When a lender "locks" your interest rate, this means you are guaranteed a specific interest rate for a specific period of time. That period of time is called the lock period.

The lock guarantees your rate as long as your loan closes and funds prior to the expiration date of your lock. If your closing is delayed beyond your lock expiration date, you could be exposed to higher market rates. It is good advice to lock for a period longer than you need, or a period beyond your actual closing date. This will protect you in case unforeseen circumstances arise.

Typical lock periods are 15, 30, 45 and 60 days. In a stable rate environment, shorter lock periods provide you the potential for a better interest rate. However, the market can be volatile and rates move with market activity, up and down.

If you believe rates may go up slightly, you might benefit by waiting to lock because of the shorter lock commitment period. If you believe rates will go down, you would benefit by waiting to lock. If you believe rates will stay the same, you may also do better to wait. If you have a feeling that rates are going to go up significantly, by all means lock your rate.

Once you have a property under contract, you may be able to lock your rate by simply speaking with your mortgage consultant. Be sure to consult your lender to discuss any questions you have about your loan.
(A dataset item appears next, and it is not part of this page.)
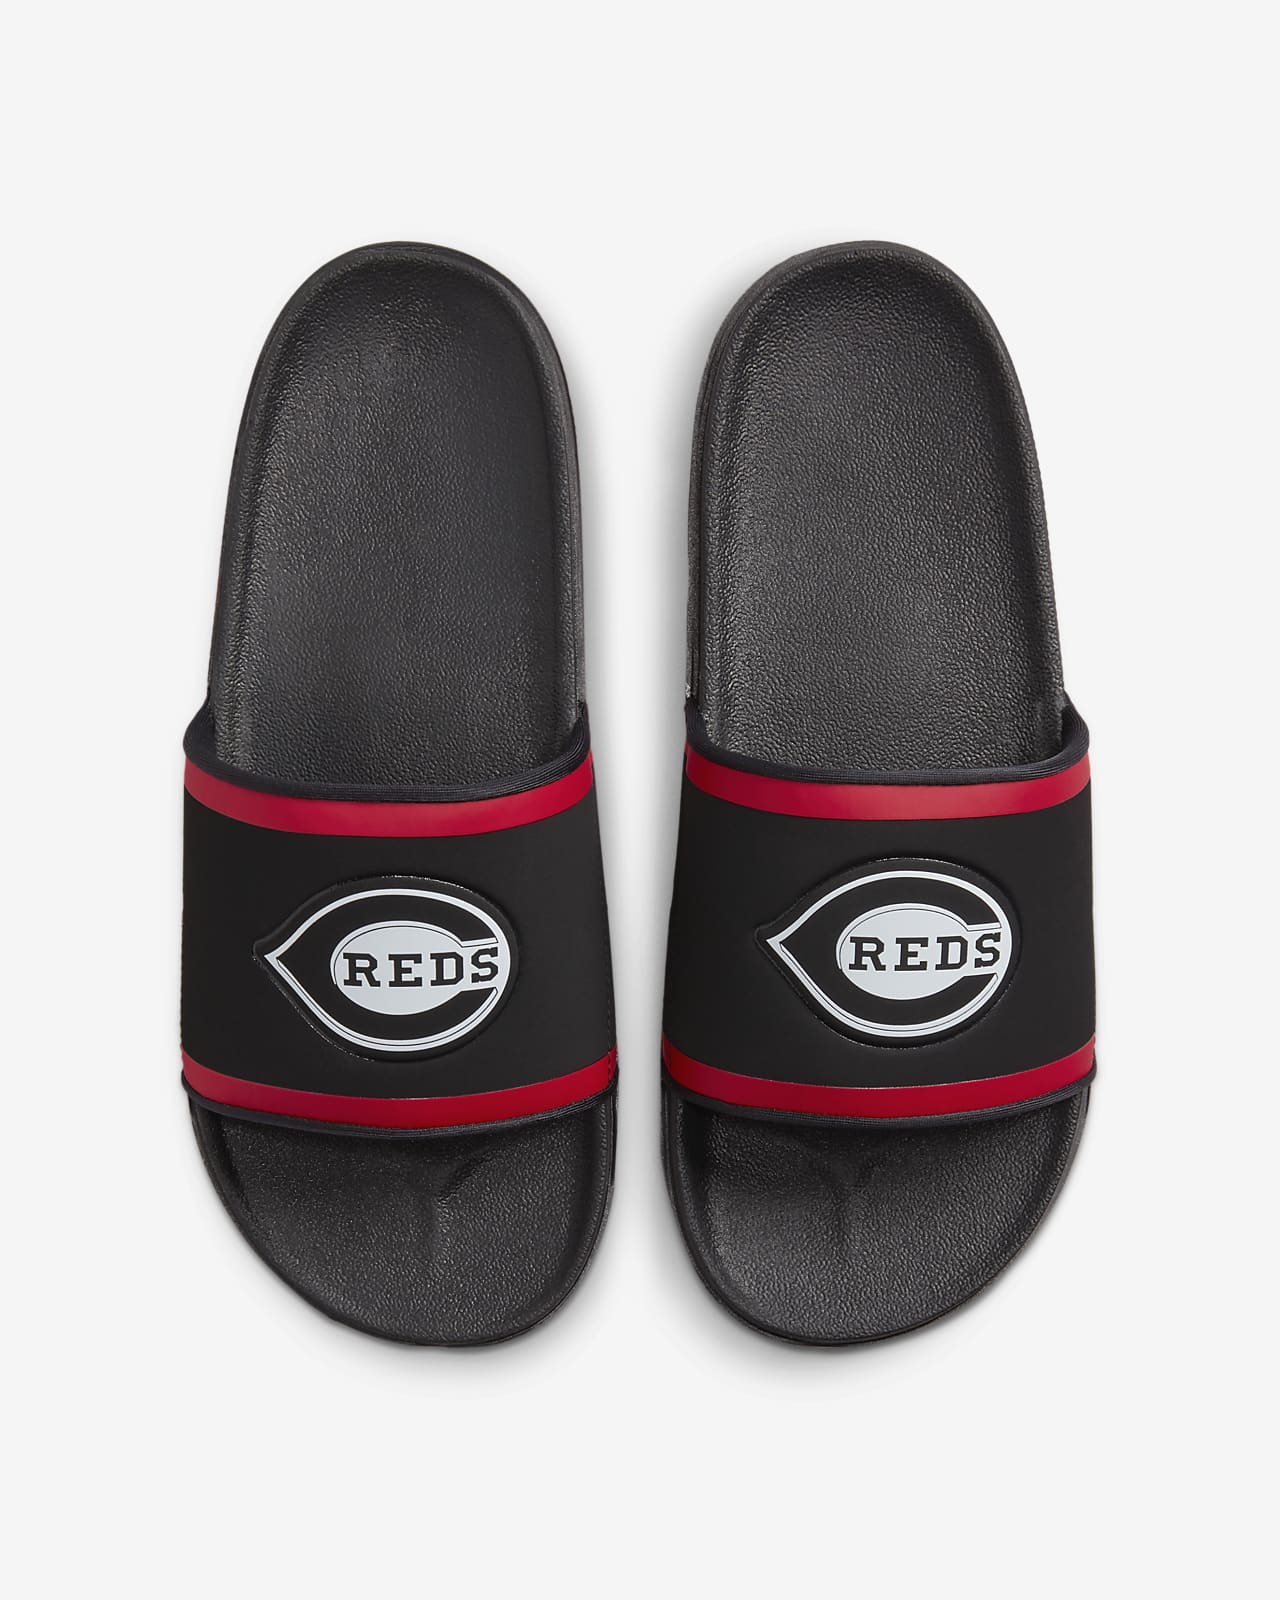 Cincinnati Reds Nike Shoes, Sneakers, Reds Slides, Socks

Your mortgage consultant will order the appraisal. Buyers are responsible for ordering the survey, and ensuring the appraisal is complete in a timely fashion. Be sure to get a copy of the appraisal from the lender. Among other things, surveys can help determine whether there has been an encroachment to the property lines, building lines, or easements. If your home is new construction, the builder may order the survey just after completion, or just before closing. It is recommended that all buyers purchase a survey even though they are often not required in Georgia. Condo buyers typically do not get an appraisal completed.
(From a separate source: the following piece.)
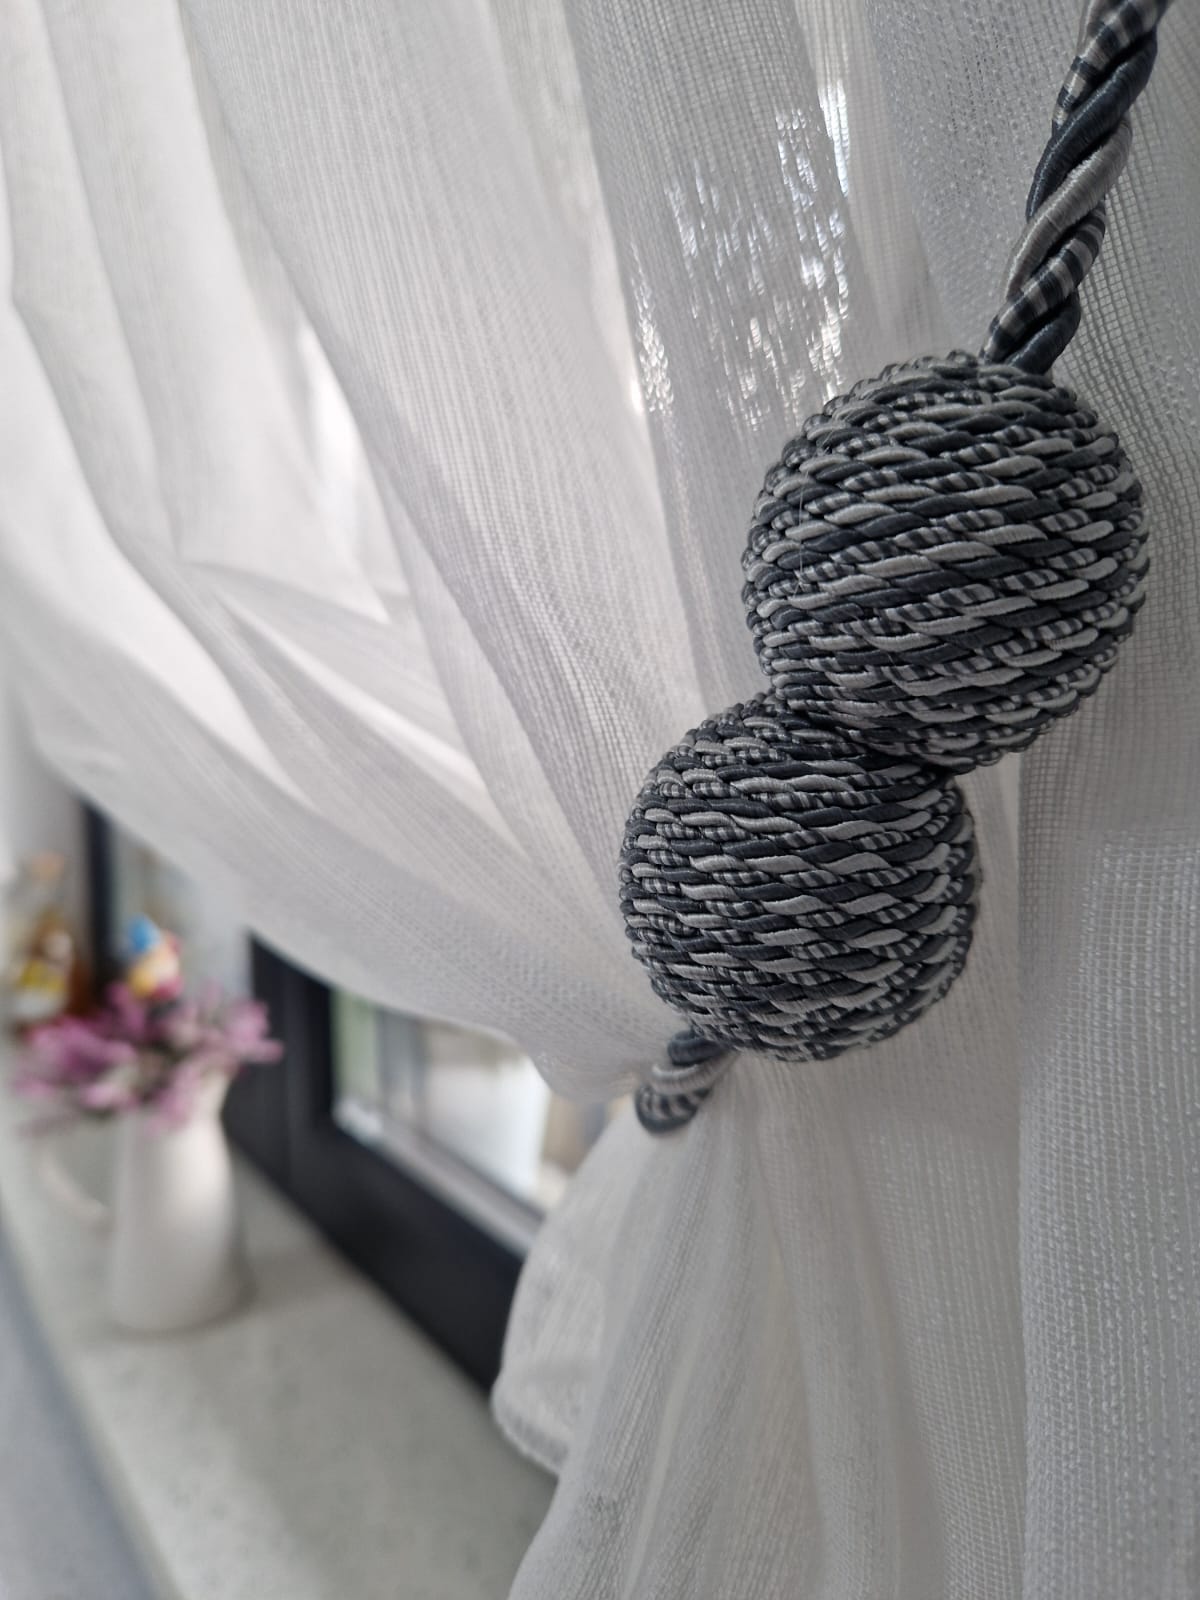 Magnet decorativ rotund pentru prinderea perdelelor și draperiilor, șnur textil 40 cm, gri perlat și antracit

Typically, none of the mortgage documents you have received are contractual until you are actually at closing and sign your note.

All your mortgage consultant is doing with your application is approving you and putting you in a position to make an offer, purchase a home and close a mortgage loan. You are not obligated for the loan transaction until you sign your closing documents. Buyers should confirm this with their lender.
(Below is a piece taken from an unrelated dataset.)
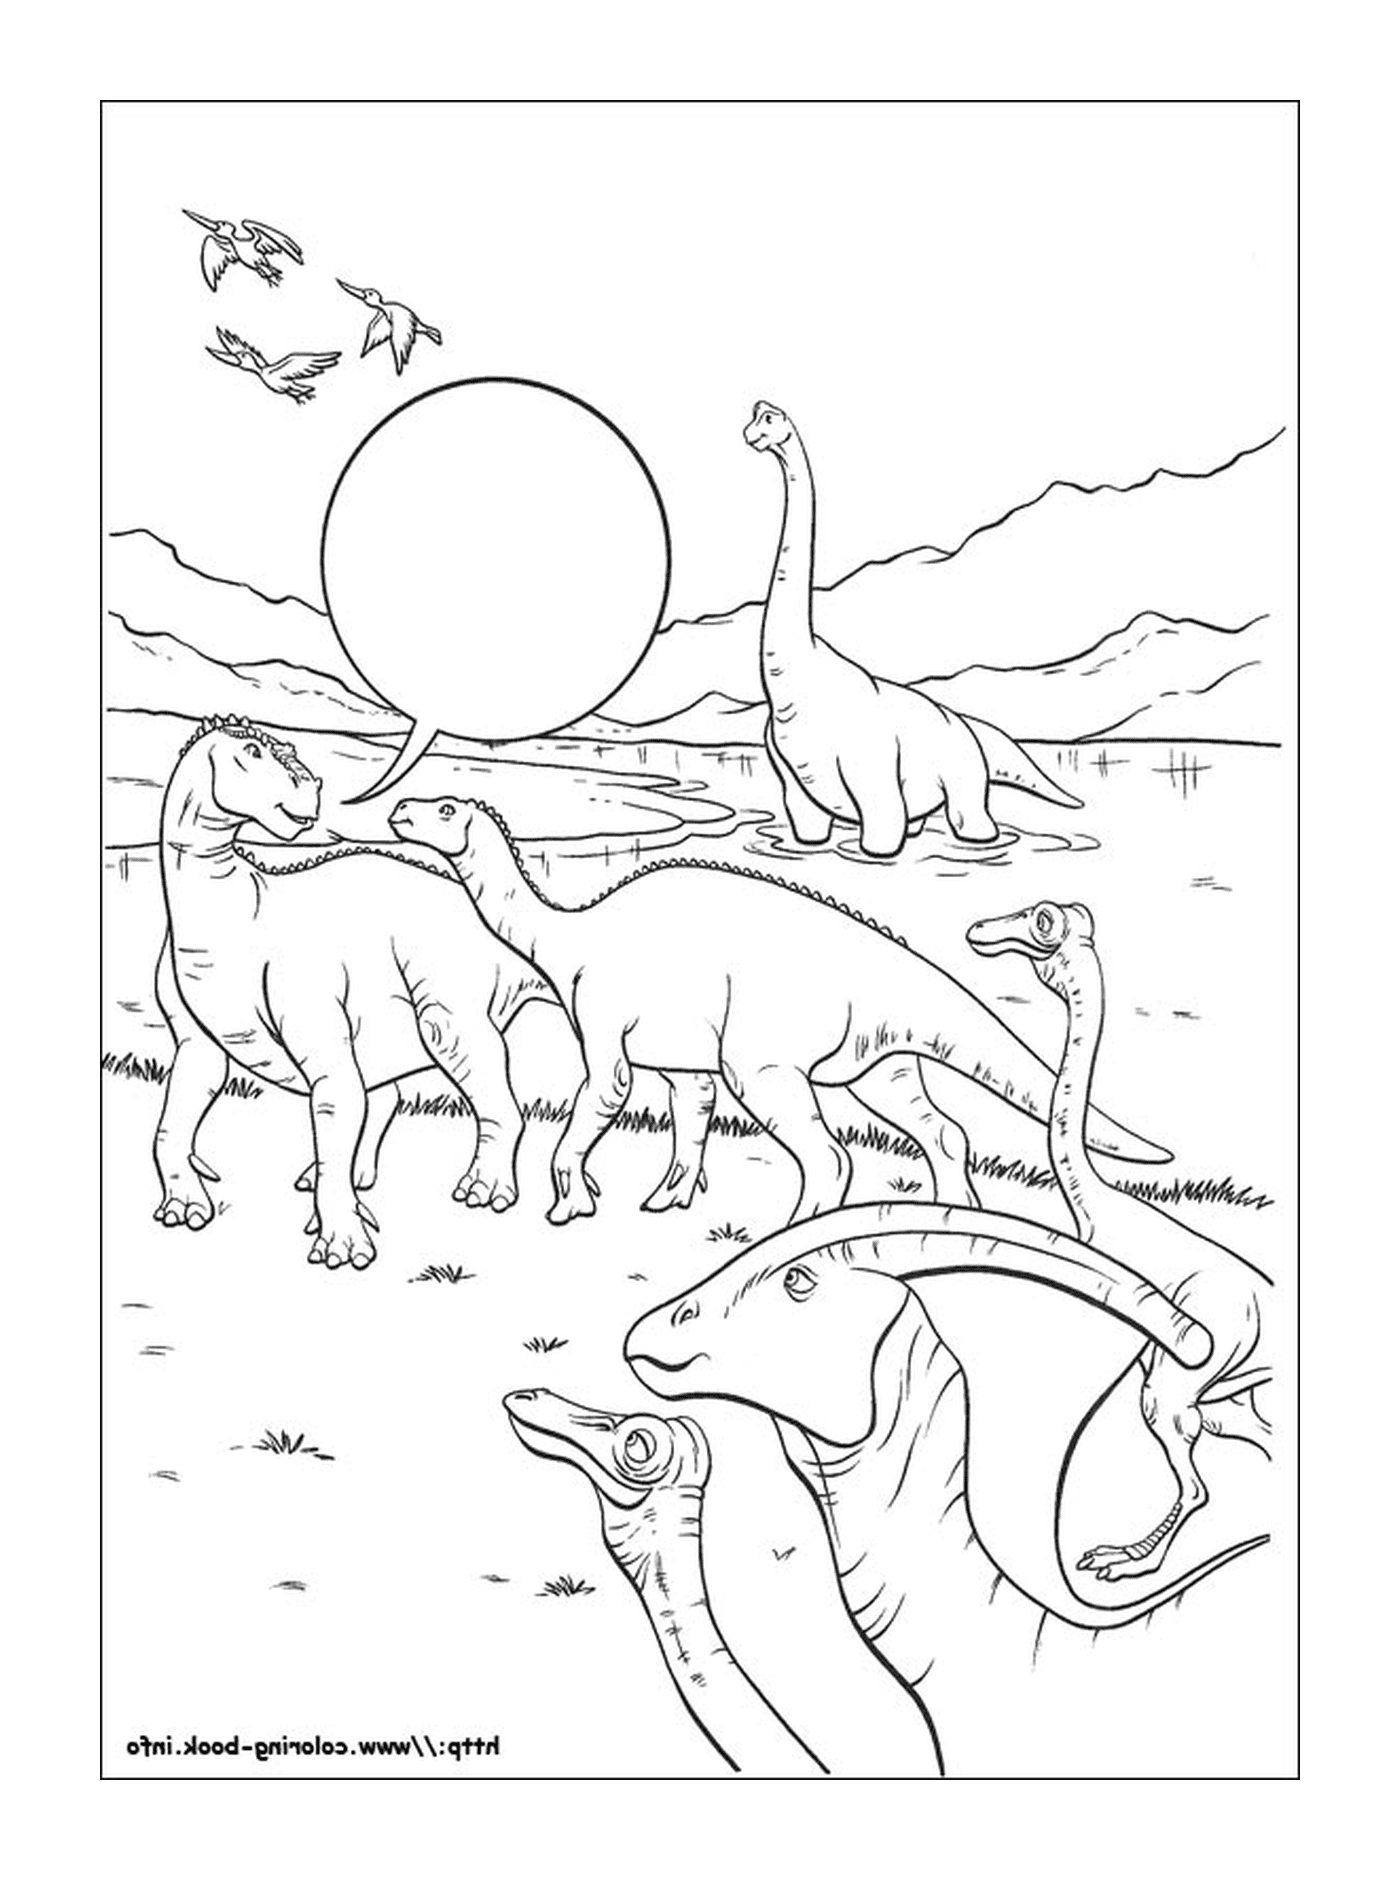  Viele Dinosaurier in diesem Bild sichtbar

There are several key items you need to have addressed to ensure a smooth closing.

Homeowners Insurance, or Hazard Insurance, is coverage that compensates for physical damage to the property by fire, wind or other natural causes. It is very important for you to obtain your Homeowners Insurance at the earliest possible date so that there are no delays in your closing or in obtaining the necessary closing funds.

You should send your Declaration Page of your Homeowners Insurance policy with proof of payment to your mortgage consultant at least 5 days prior to your closing date. The responsibility to order and produce a clear Termite Certification depends on the terms in your contract. Check with your mortgage consultant for details.

Closing costs are the other charges the buyer must pay to obtain a loan. These usually included taxes, which are charged in most states, and title insurance. When applying for your mortgage, your mortgage consultant will provide you with a Good Faith Estimate of the closing costs as part of the application package you receive. Your mortgage consultant should contact you within 72 hours of your closing date, and will provide you with a preliminary Settlement Statement or a HUD-1 indicating the required cash to close. This ensures that you have ample time to arrange for wiring the necessary funds.

You will probably be required to wire your funds to the closing attorney prior to closing. Although variations from the HUD-1 aren’t anticipated, you should bring your personal checkbook to closing in case there are last minute adjustments. If you are due a refund at closing, the attorney will issue you a check or wire the funds.

Closing will typically take place at an attorney's office. The attorney usually represents the lender - not the buyer or seller. All borrowers associated with the mortgage loan transaction will be required to bring Picture Identification to closing such as a driver's license or passport.